Stored data »
·····

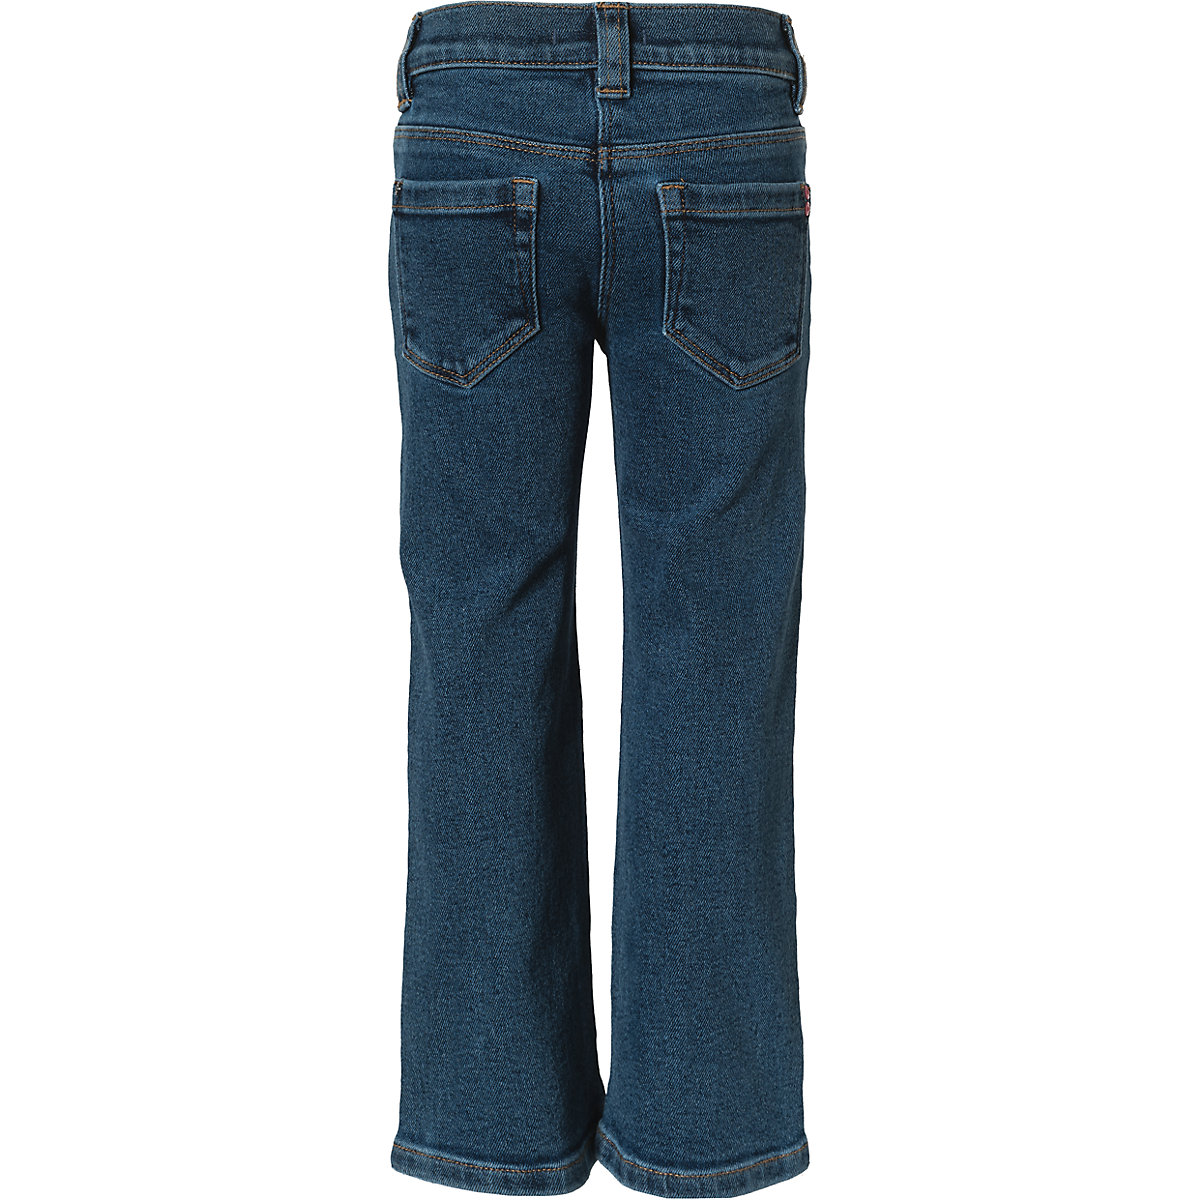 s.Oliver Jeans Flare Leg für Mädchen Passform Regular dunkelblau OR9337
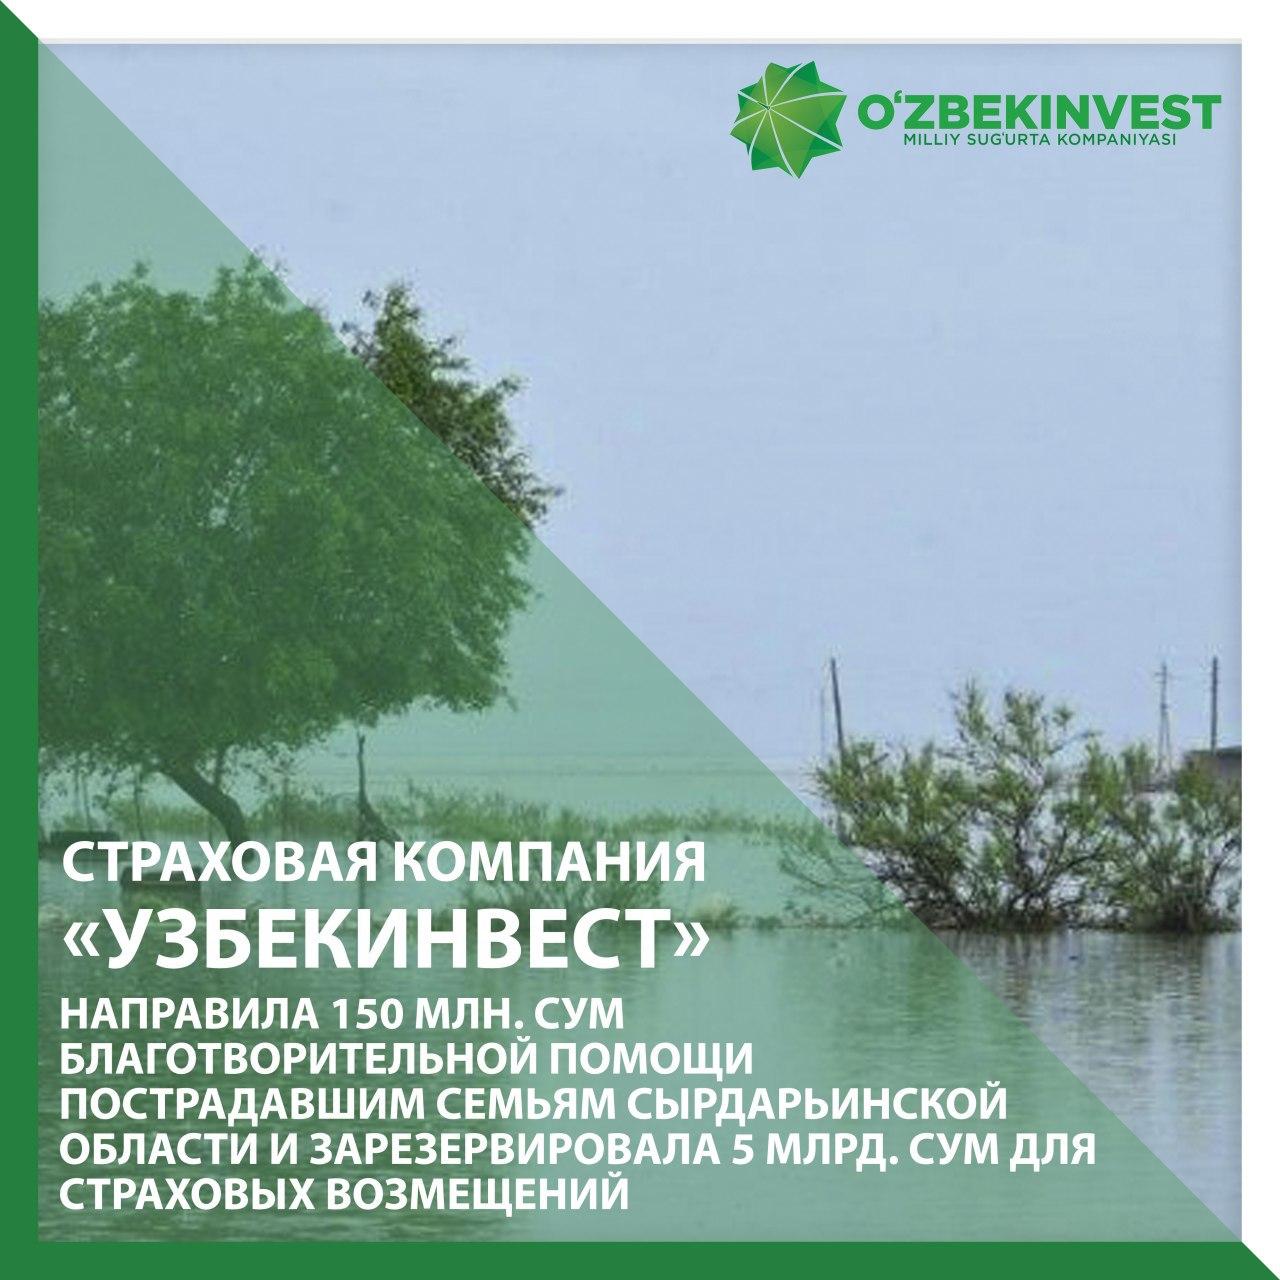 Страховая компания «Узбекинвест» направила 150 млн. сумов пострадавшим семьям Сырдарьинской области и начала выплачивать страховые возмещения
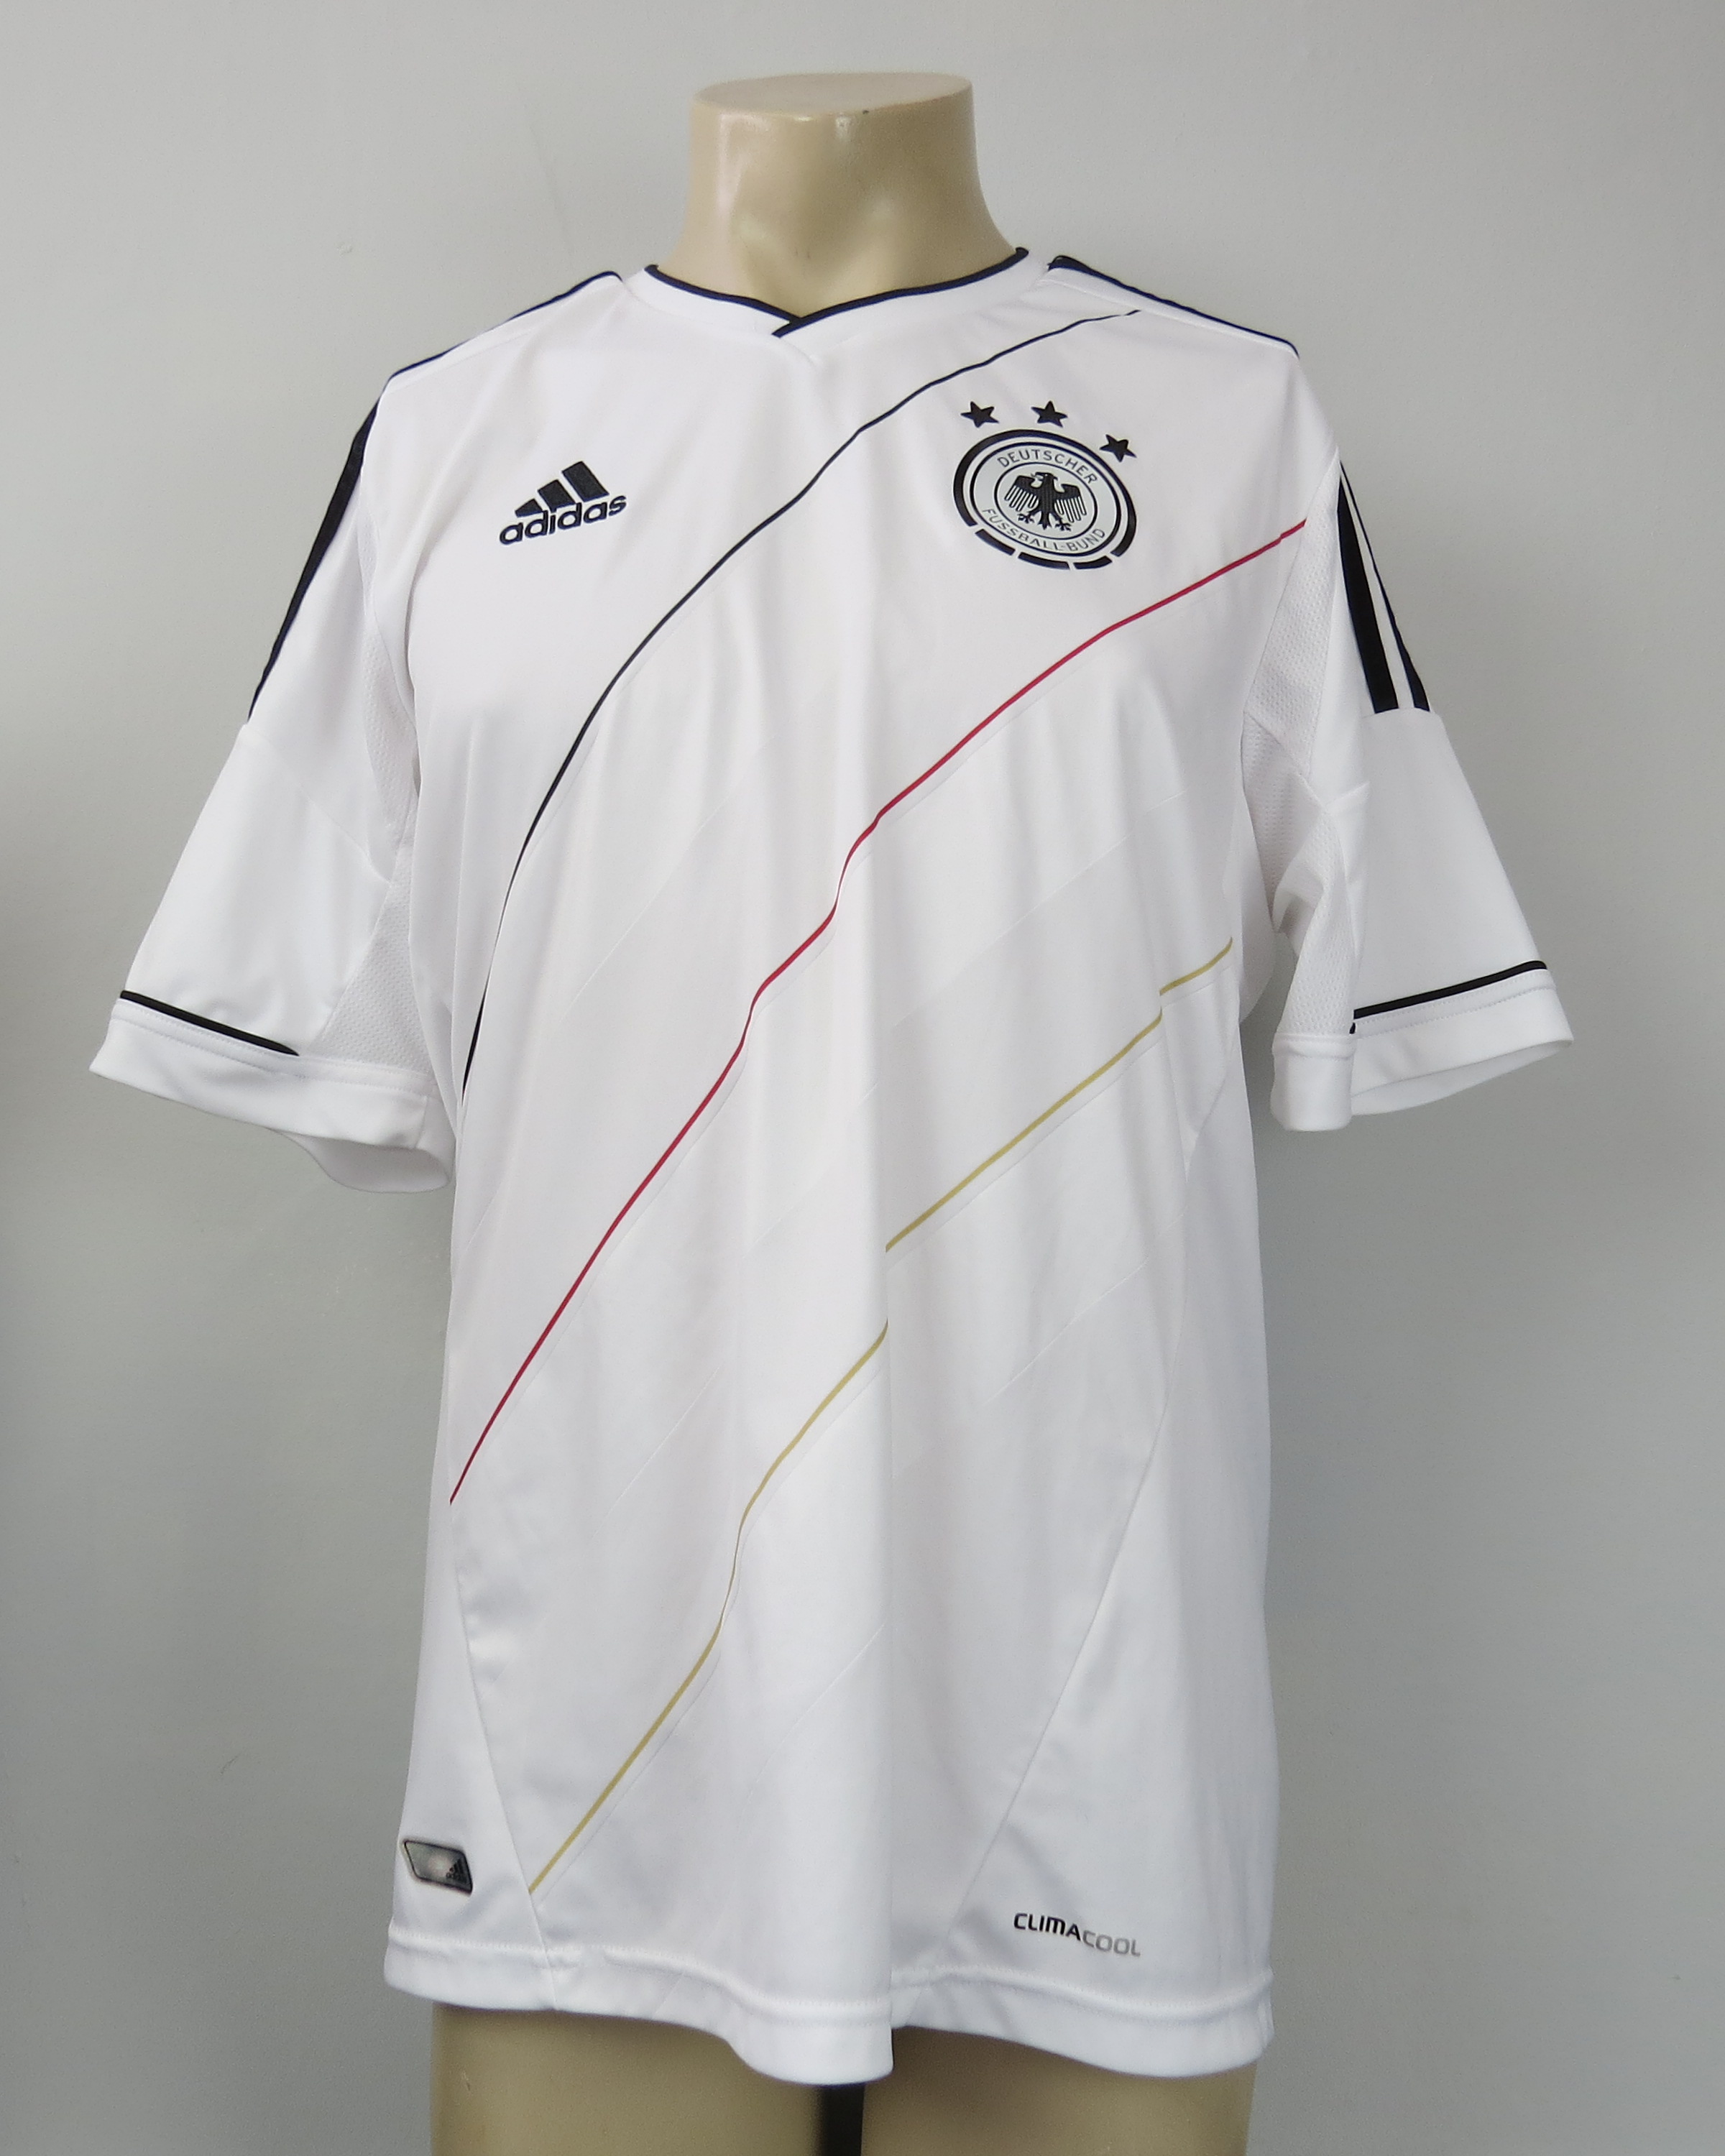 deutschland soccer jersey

·····

Exercise directions »
In full and without any pictures, print the listing above exactly.

Answer box »
 s.Oliver Jeans Flare Leg für Mädchen Passform Regular dunkelblau OR9337
 Страховая компания «Узбекинвест» направила 150 млн. сумов пострадавшим семьям Сырдарьинской области и начала выплачивать страховые возмещения
 deutschland soccer jersey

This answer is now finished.